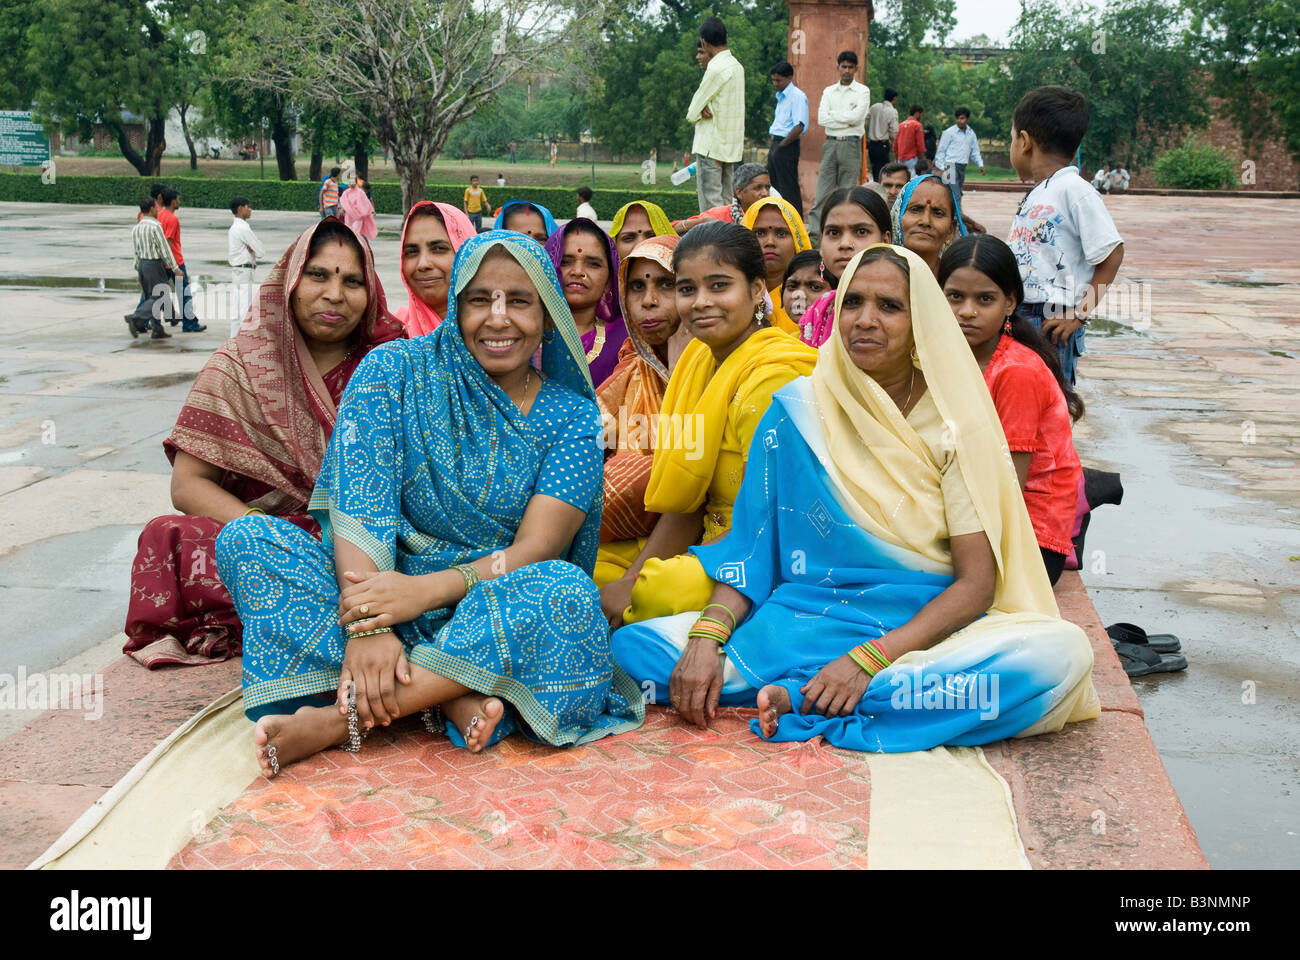 India Delhi donne locali in variopinti costumi tradizionali in un parco Foto Stock
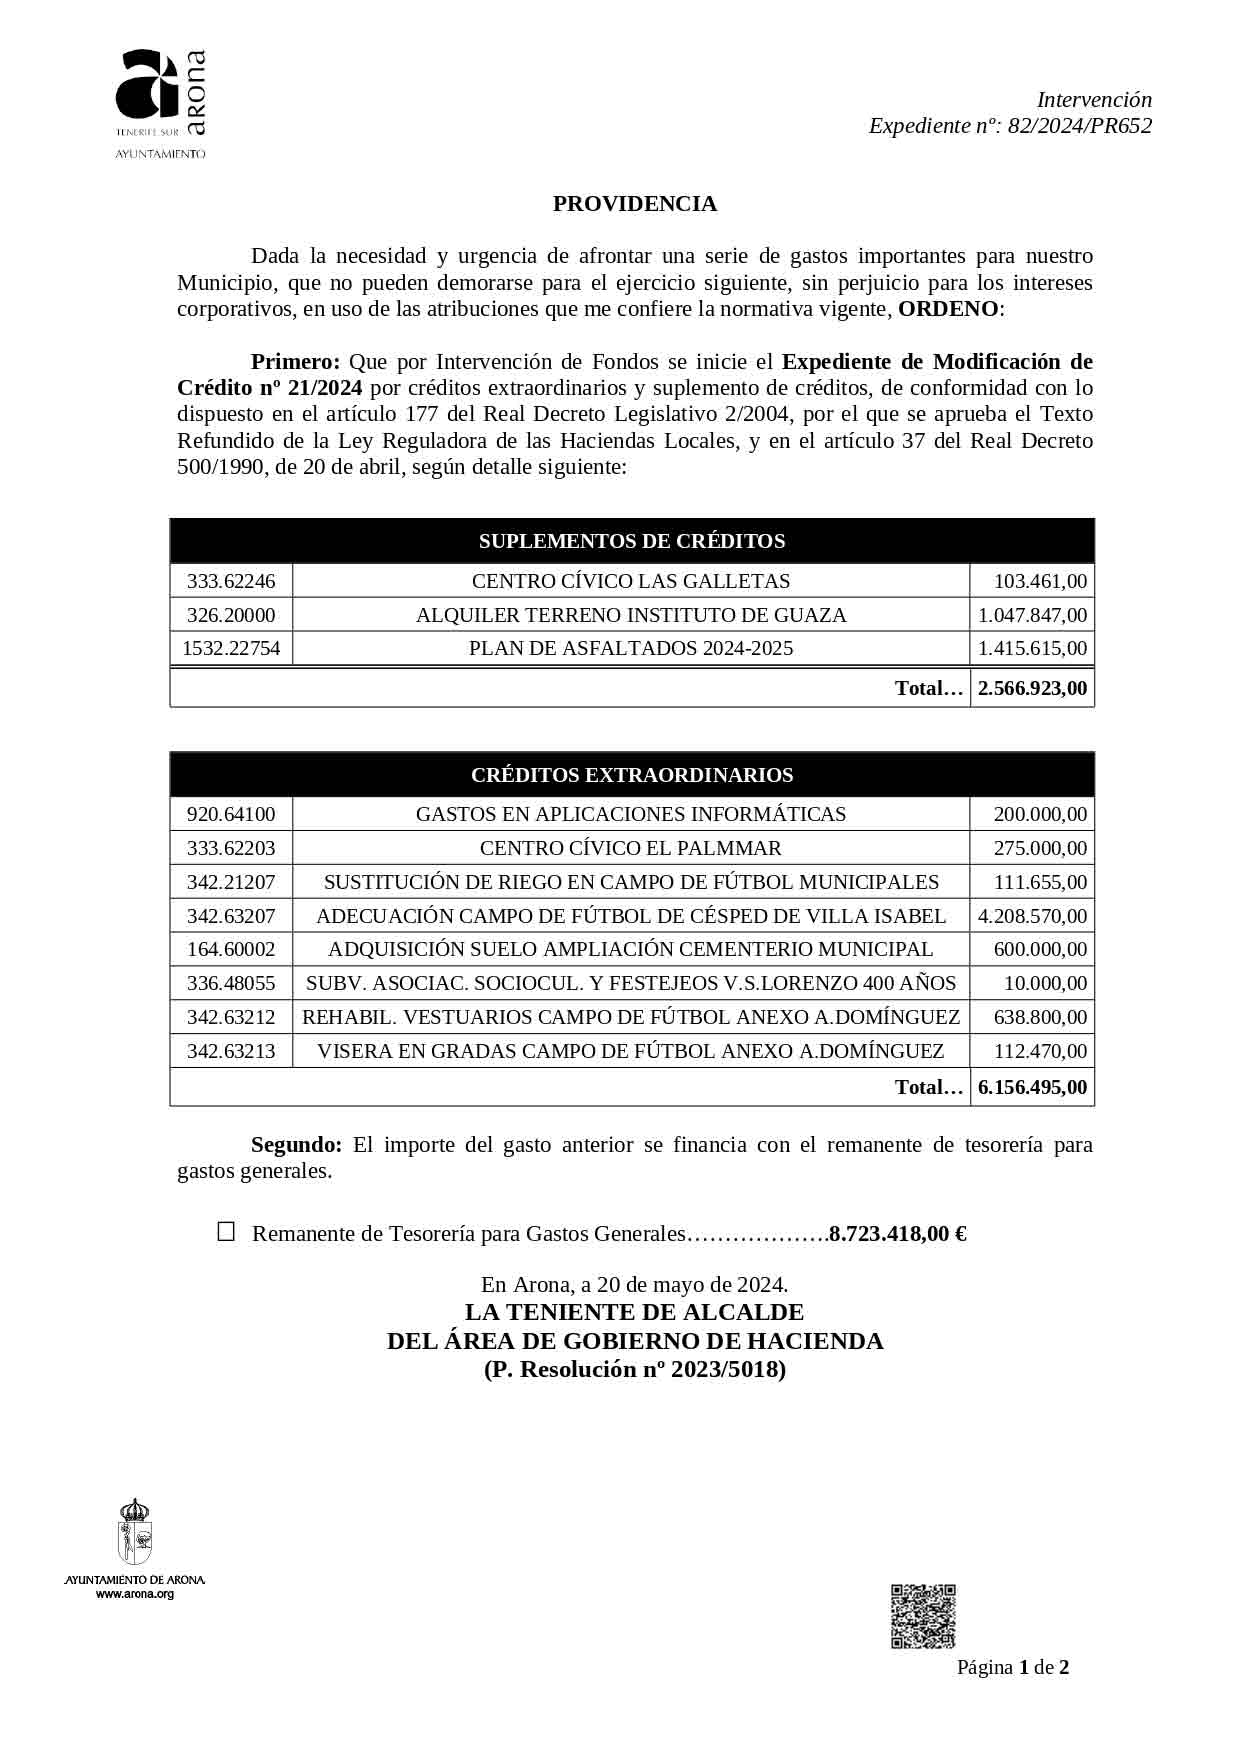 Documento que acredita la modificación del presupuesto en el ayuntamiento de Arona, copiado los proyectos del partido socialista (PSOE)
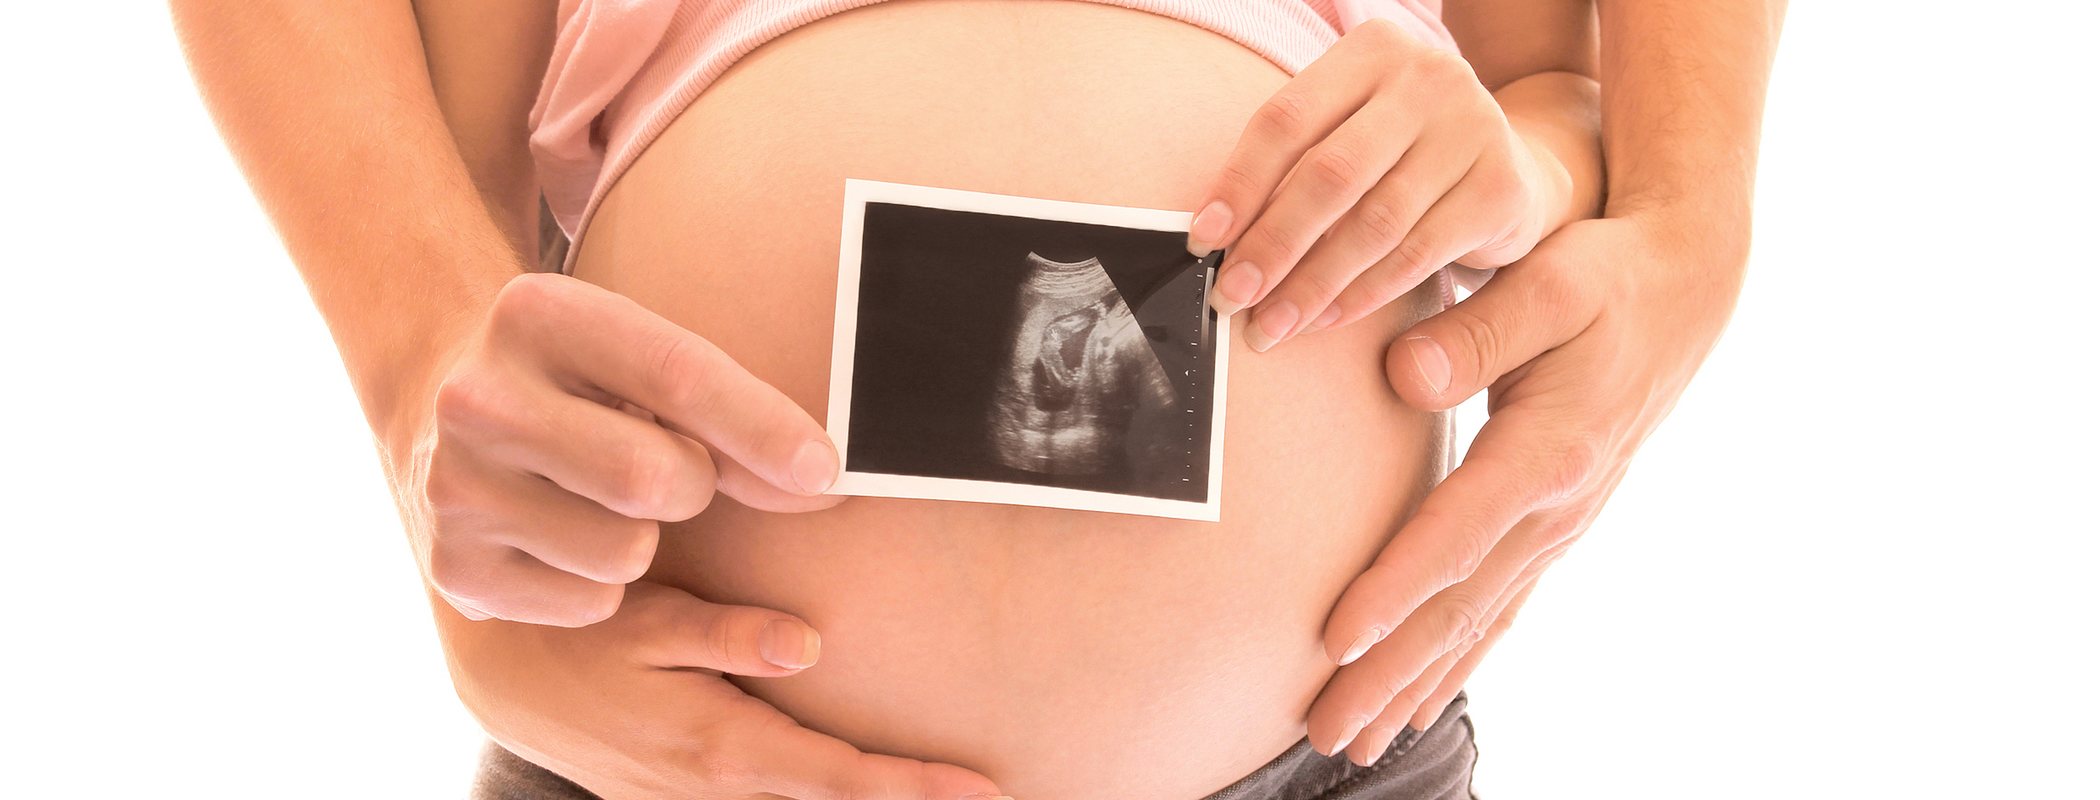 Sexo en el embarazo: ¿Qué siente el feto mientras se tienen relaciones?

Your assignment: Copy exactly the lines running from the beginning of the listing through the line that has "Documento que acredita". Drop the pictures.

Answer area:
 India Delhi donne locali in variopinti costumi tradizionali in un parco Foto Stock
 Documento que acredita la modificación del presupuesto en el ayuntamiento de Arona, copiado los proyectos del partido socialista (PSOE)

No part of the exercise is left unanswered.